The incident dementia rate was 3.9% in the women who had more than one military-related risk factor; and their adjusted HR for dementia was 2.15 compared with those with none of the risk factors (95% CI, 1.84 – 2.51).
“These findings highlight the need for increased screening of TBI, PTSD, and depression in older women, especially female veterans,” the investigators write.
“If women have a history of PTSD or depression, they probably should be followed more closely and given periodic screening for their memory and other cognitive aspects as they get older,” Yaffe added.
In addition, these risk factors “are something we can maybe do something about. Certainly you can try to prevent traumatic brain injury with helmets and seat belts, and hopefully you can try to better treat PTSD and depression. And maybe all of this could actually decrease risk of dementia,” she said.

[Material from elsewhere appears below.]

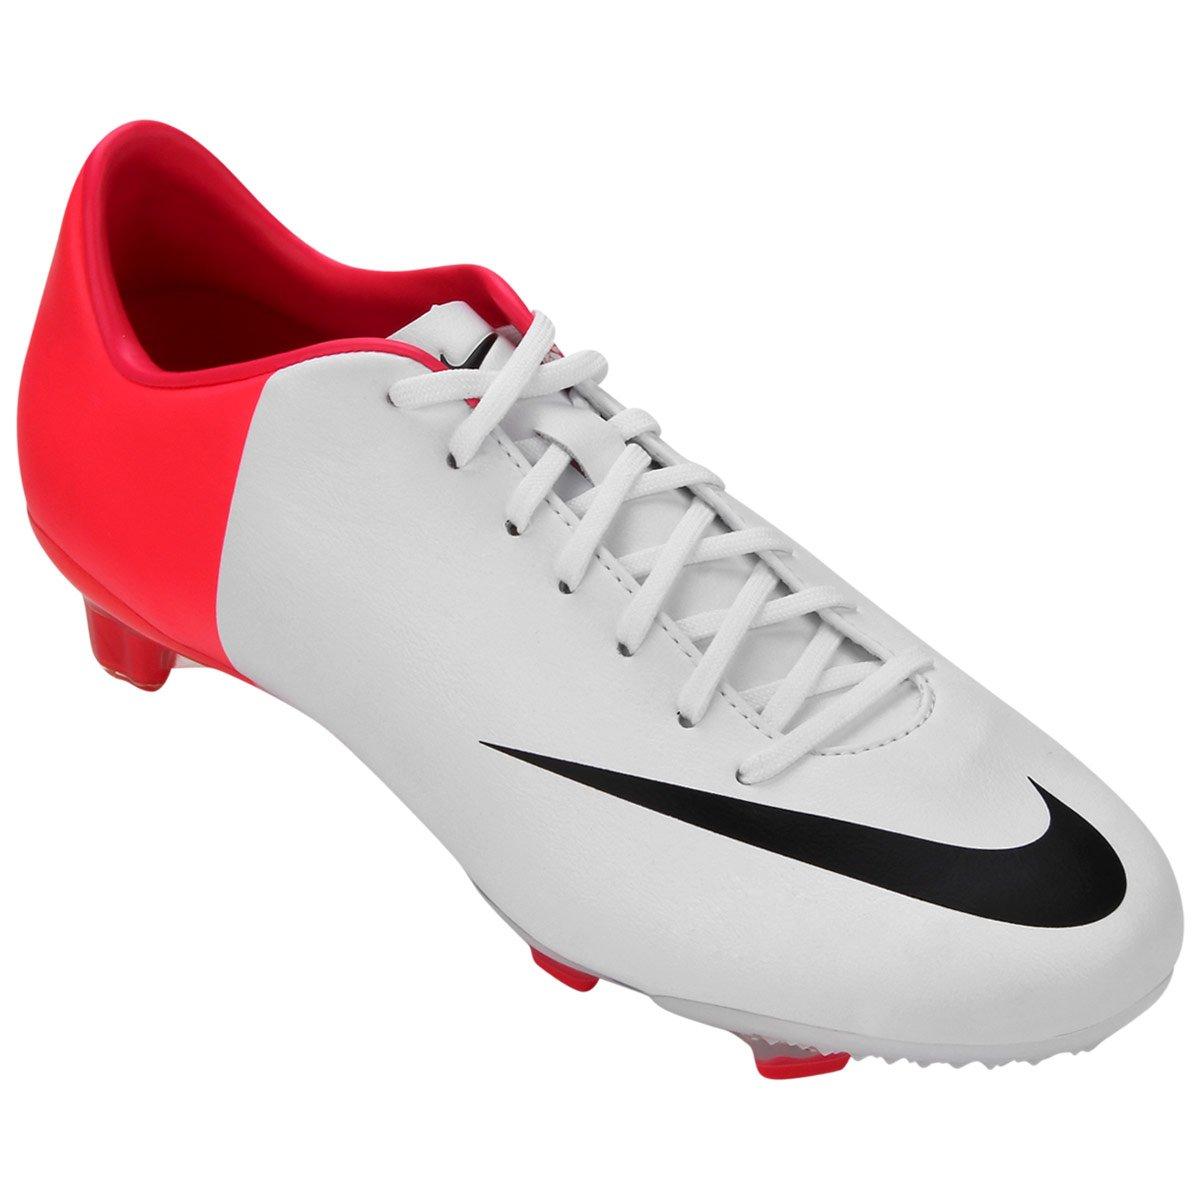 Chuteira Nike Mercurial Miracle 3 FG - Compre Agora  a7b8d83d87026

She noted that the study isn’t saying that an individual with one of these risk factors will definitively develop dementia. “It means that it increases your risk but it’s not a 1-to-1 correlation,” said Yaffe.
“Clear Need for More Studies”
In an accompanying editorial, Andrea L.C. Schneider, MD, PhD, and Geoffrey Ling, MD, PhD, from the Department of Neurology at Johns Hopkins University School of Medicine, Baltimore, Maryland and the Uniformed Services University of the Health Sciences, Bethesda, Maryland, note that although the study provides new evidence, it “also highlights that there is a clear need for more studies.”
They also point out that the “important findings” need to be confirmed and that causality needs to be determined.
“Future studies will need to include both men and women to assess directly for possible interaction by sex in associations between TBI, PTSD, and depression and dementia risk. Indeed, animal studies suggest sex differences in response to TBI and sex differences in the neurobiology of PTSD and depression,” they write.
“Given this, it is possible that neuropsychiatric conditions may be differentially associated with dementia risk in men vs in women,” they add.
The editorialists note that the study also relied only on ICD-9-CM codes to define the military-related risk factors and dementia — and that these codes are less sensitive than diagnostic interviews.
“It follows that a higher number of encounters with the health care system would make an individual have more opportunities to receive a diagnosis,” they write.
Overall, “a great deal more remains to be learned about the associations, underlying mechanisms, and possible sex differences in associations relating neuropsychiatric conditions…with dementia, both in military veteran populations and in general populations,” write Schneider and Ling.
“But importantly, the study by Yaffe et al. suggests that associations of TBI, PTSD, and depression with increased risk of dementia also occur in female military veterans and are not unique to male military veterans,” they conclude.